A: The first thing to notice is that infinite permutations may have infinite support, that is, they may move infinitely many elements. Therefore, we cannot expect to express them as finite compositions of permutations having only finite support. 
But if we allow (well-defined) infinite compositions, then the answer is that every permutation can be expressed as a composition of disjoint cycles and also expressed as a composition of transpositions. So the answer to question 1 is yes, and the answer to question 2 is no. 
To see this, suppose that f is a permutation of ω. First, we may divide f into its disjoint orbits, where the orbit of n is defined as all the numbers of the form fk(n) for any integer k. The action of f on each of these orbits commute with each other, because the orbits are disjoint. And the action of f on each such orbit is a cycle (possibly infinite). So f can be represented as a product of disjoint cycles. For the transposition representation, it suffices to represent each such orbit as a suitable product of transpositions. The finite orbits are just finite cycles, which can be expressed as a product of transpositions in the usual way. An infinite orbit looks exactly like a copy of the integers, with the shift map. This can be represented in cycle notation as (... -2 -1 0 1 2 ...). This permutation is equal to the following product of transpositions:


*

*(... -2  -1 0 1 2 ...) = [(0  -1)(0  -2)(0  -3)...][...(0 3)(0 2)(0 1)] 

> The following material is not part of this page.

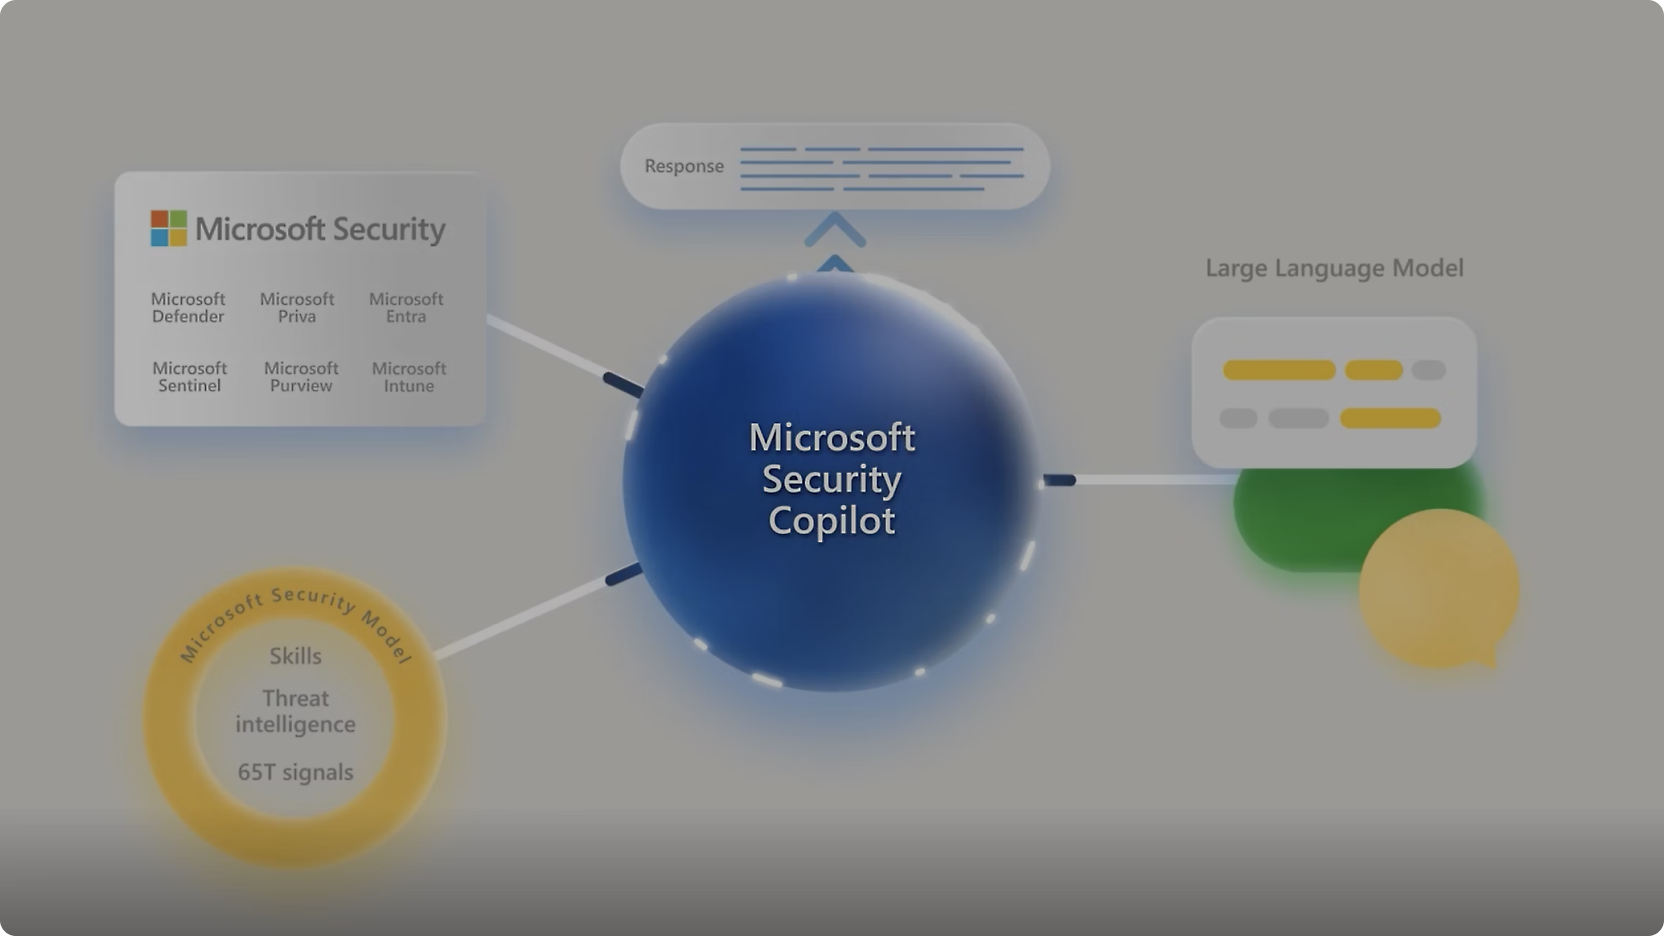 Diagrama que muestra "Microsoft Copilot para seguridad" en el centro con conexiones a varias herramientas de seguridad de Microsoft

I claim that every natural number is moved by at most two of these transpositions, and that the resulting product is well-defined. On the right hand side of the equality, I have two infinite products of transpositions. Using the usual order of product of permutations, the right-most factor is first to be applied. Thus, we see that 0 gets sent to 1, and subsequently fixed by all later transpositions. So the product sends 0 to 1. Similarly, 1 gets sent to 0 and then to 2, and then unchanged. Similarly, it is easy to see that every non-negative integer n is sent to 0 and then to n+1 as desired. Now, the right-hand factor fixes all negative integers, which then pass to the left factor, and it is easy to see that again -n is sent to 0 and then to -n+1, as desired. So altogether, this product is operating correctly. An isomorphic version of this idea can be used to represent the action of any infinite orbit, and so every permutation is a suitable well-defined product of transpositions, as desired.
Thus, the answers to the questions in (1) are yes, and the answer to question (2) is no.